In addressing current and future challenges, we can look to both historical and global precedents to direct our path.
With clear benefit to the community, how does this affect the individual house dweller? Many of these parking provisions are designed around convenience, but that doesn’t have to be compromised. Offsite carparking would be within walkable distances such as those currently implemented in apartment and townhouse complexes, with access for all. Service roads and drop-off points would allow domestic and city service vehicles access to the dwellings without compromising the expanded green spaces. By removing the need for on-site domestic vehicle parking, in the context of missing middle developments, we could reclaim between 10% and 20% of the site area. Within the context of a suburb, this is hugely significant. This additional space could be used for additional dwellings on site and subletting, more space for internal and external living areas, increased private garden space for food gardens and family activities, more public outdoor space for community building, or extra areas for the things we love – canoes, bicycles, workshops, cubby houses, the list goes on. Within the shared parking facility, opportunities to own more or less parking spaces, as circumstances change allow people flexibility, particularly significant to small business owners or sole traders who often struggle to find additional parking in suburban environments near their homes, and those whose household members change over time.
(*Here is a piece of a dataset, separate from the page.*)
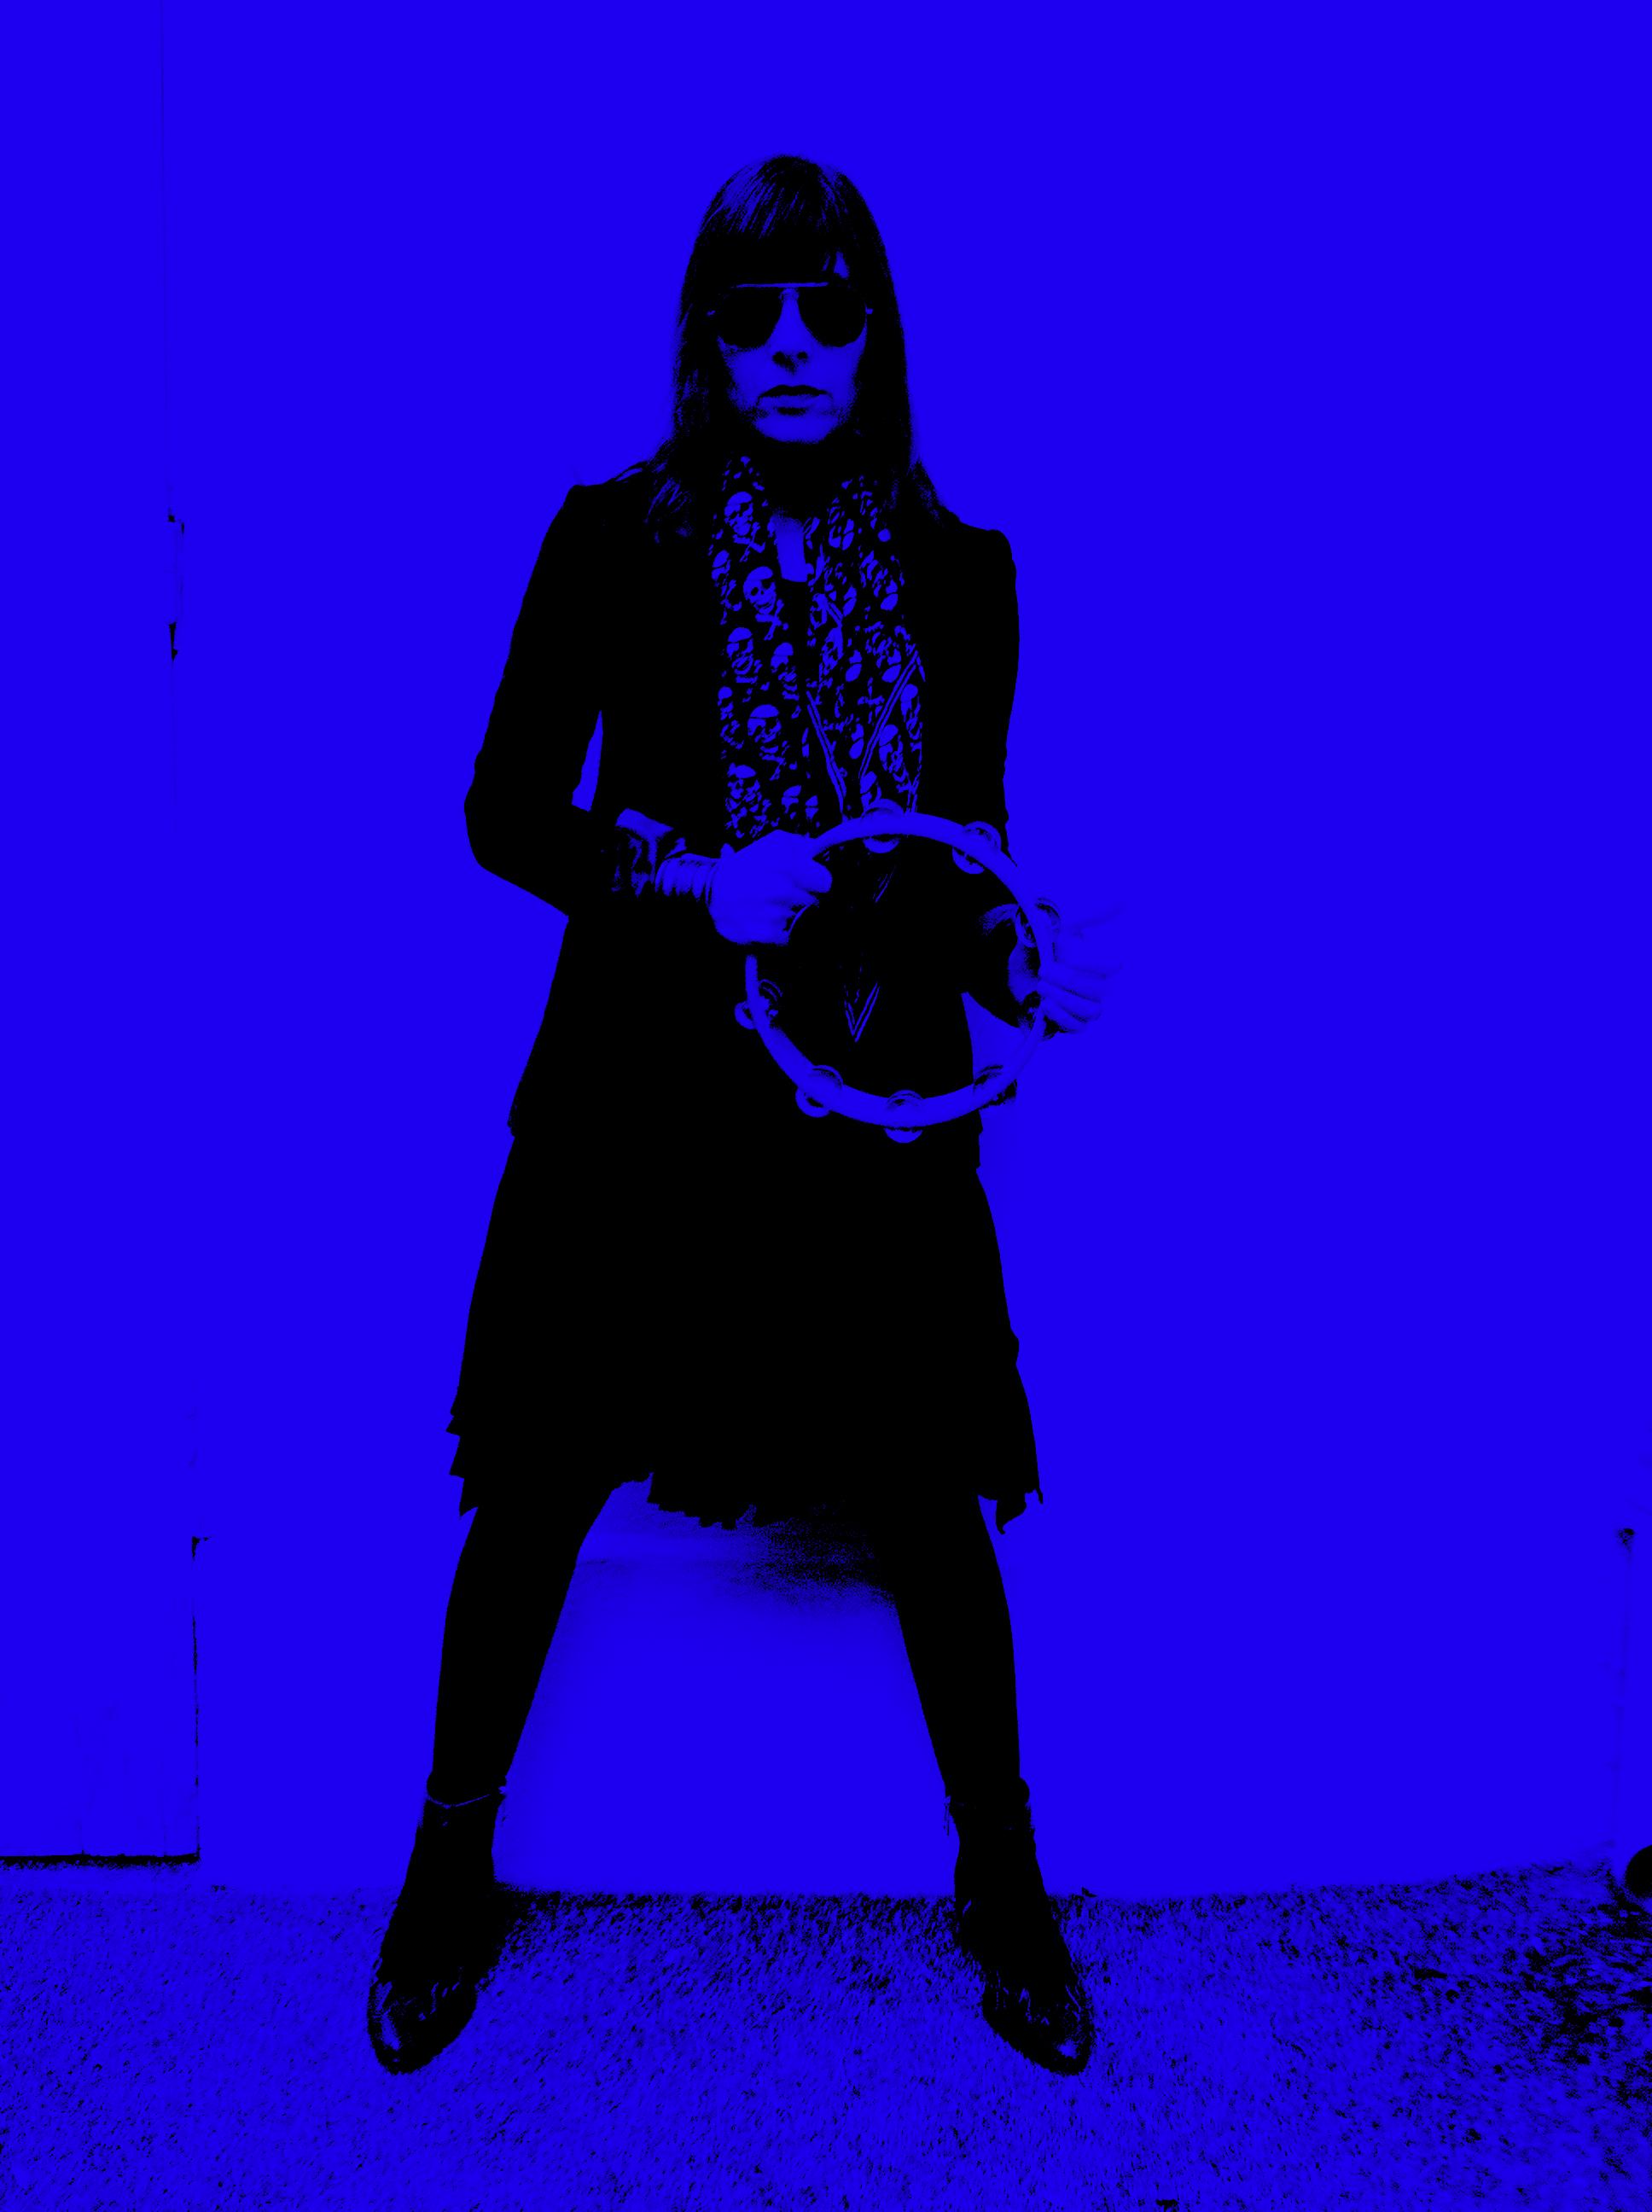 Angela_Rock_Paris_Blue-1464645446.jpg

The opportunities are endless, but essentially, the focus is on us and our well-being, not our cars. These innovations not only improve the functionality of individual housing blocks by relocating domestic vehicle storage off site but also offer a broader benefit: shifting the focus away from cars and infrastructure, and towards more vibrant, community-oriented, human-scale environments.
We love our cities for what they represent and offer: community, connection, convenience, history, place, and belonging. With the rapid evolution of technology, now is the time to reimagine the suburban model in our changing cities, and to evolve their fundamental ideals rather than lose them.